The next 10 years saw brave and enterprising people rebuild the "Paris of the East" brick by brick. Human effort on a colossal scale; the triumph of hope over experience. There was also $5bn (£2.6bn) of foreign investment. Lebanon once more became the R&R centre of the Middle East: Westerners weekended in Dubai, Arabs in Beirut.

Political healing accompanied the economic reconstruction. It is only last year that President Bush himself walked out on to the White House lawn with the Lebanese leader and hailed the "Cedar Revolution". Democracy revitalised.

Gone, all gone. In four weeks the full might of Israel has achieved a comprehensive destruction to rival that of 18 years of civil war. The Lebanese economy had been heading for a record year. Exports were up 100 per cent in the first five months of 2005, and GDP was growing at more than 5 per cent. Now, the economic infrastructure is in ruins. The government estimates that 95 per cent of all bridges in the country have been destroyed. The recently completed motorway network is mere rubble. In trying to find the needle, the Israelis have burnt the haystack.

Not surprisingly, the Association of Lebanese Industrialists is reporting a complete shutdown by manufacturing industry. At least 45 factories have been hit by Israeli air strikes, and many multinational businesses have been damaged, including the Danone plant and Procter & Gamble's warehouse in Beirut. The Minister for Industry estimates 65 per cent of productive capacity has been destroyed.

Other aspects of the economy are just as depressing. Tourism was 12 per cent of GDP, and growing fast. The 135-mile coastline had seen a string of new developments financed by foreign investment. Visitor numbers were up 53 per cent in the first five months. Last week, the pro-bombing Spectator published a cartoon of the Lebanese beaches and a tourist wearing a T-shirt: "Club Mad".
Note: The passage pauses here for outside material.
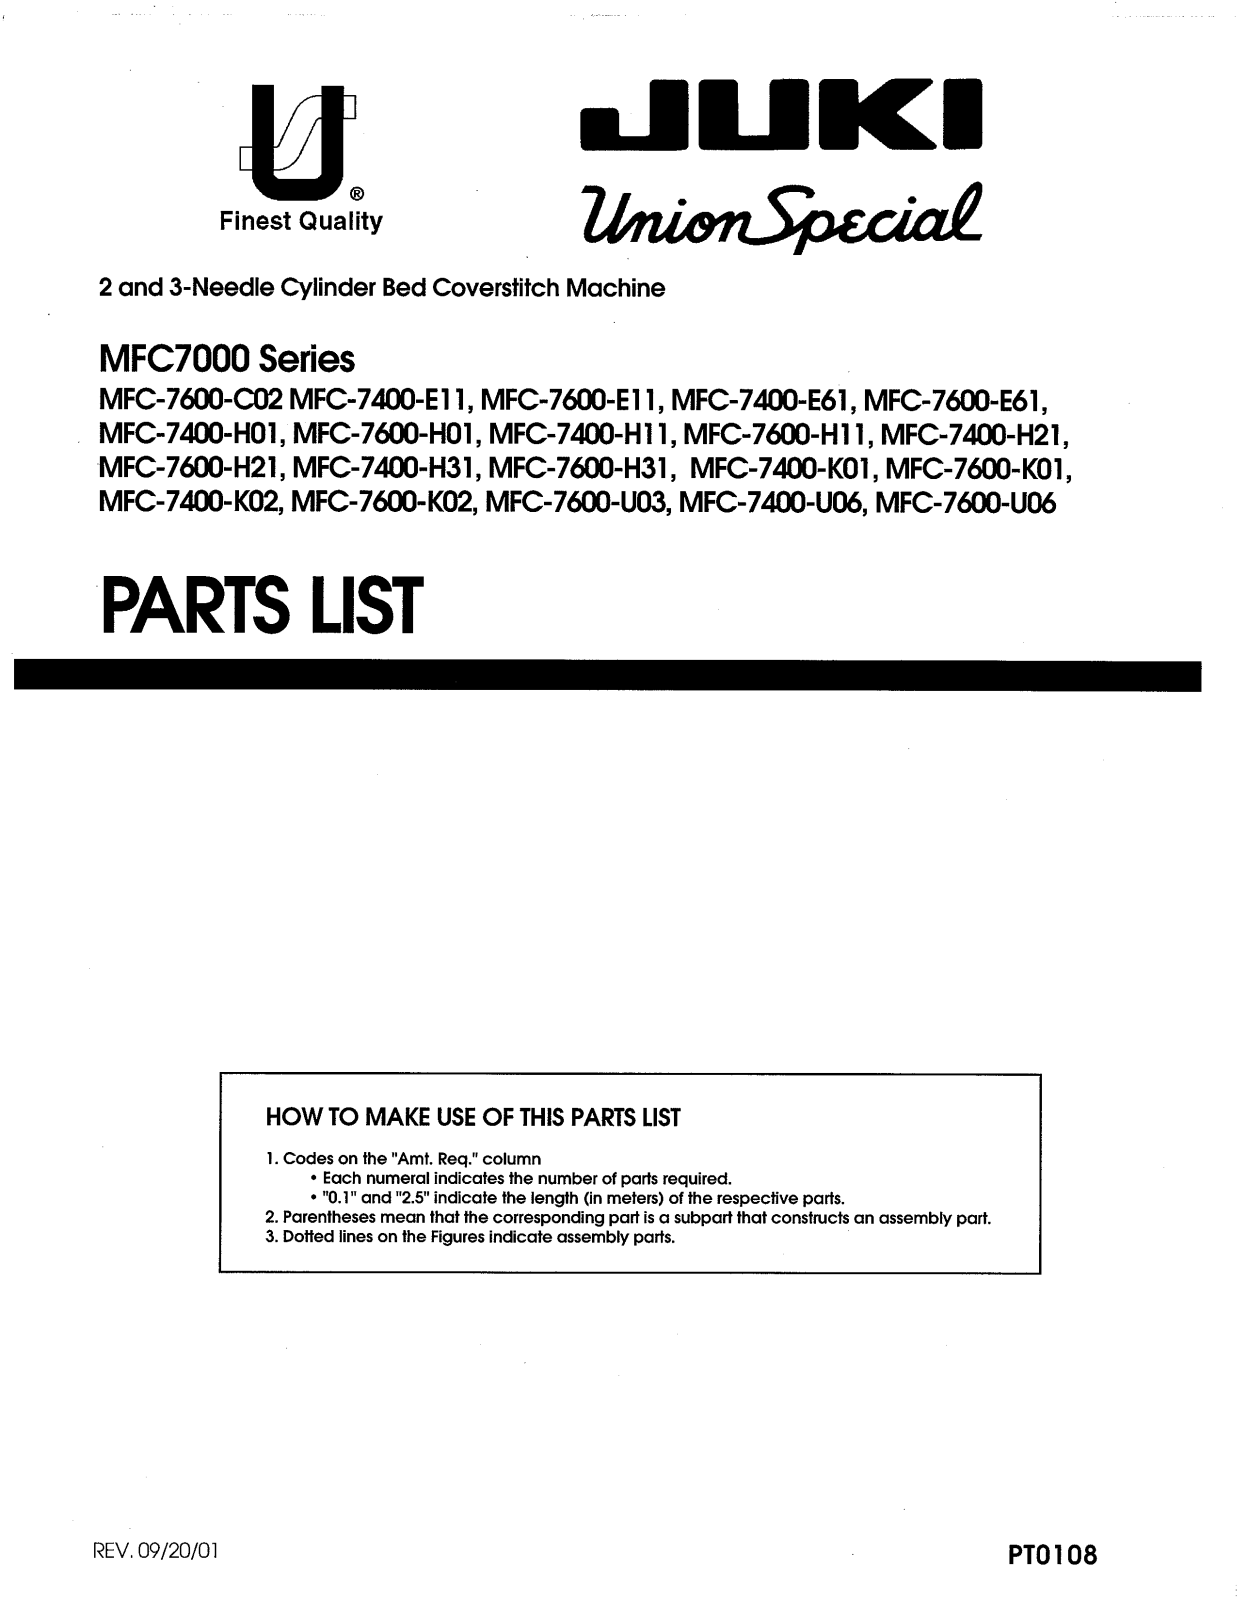 Union Special MFC7400-E11, MFC7400-E61, MFC7400-H01, MFC7400-H11, MFC7400-H21 Parts List

It is perhaps surprising, given the extent of what is going on, that the Lebanese banking system seems still to be functioning. True, it was sound to begin with, with $11bn in foreign exchange reserves, and 70 per cent of deposits in dollars. But not surprisingly, with one in four of the population without a home, there was a run on the banks, forcing the central bank to limit withdrawals to just $1,000. At present, Saudi and Kuwaiti charitable guarantees are holding the financial system together.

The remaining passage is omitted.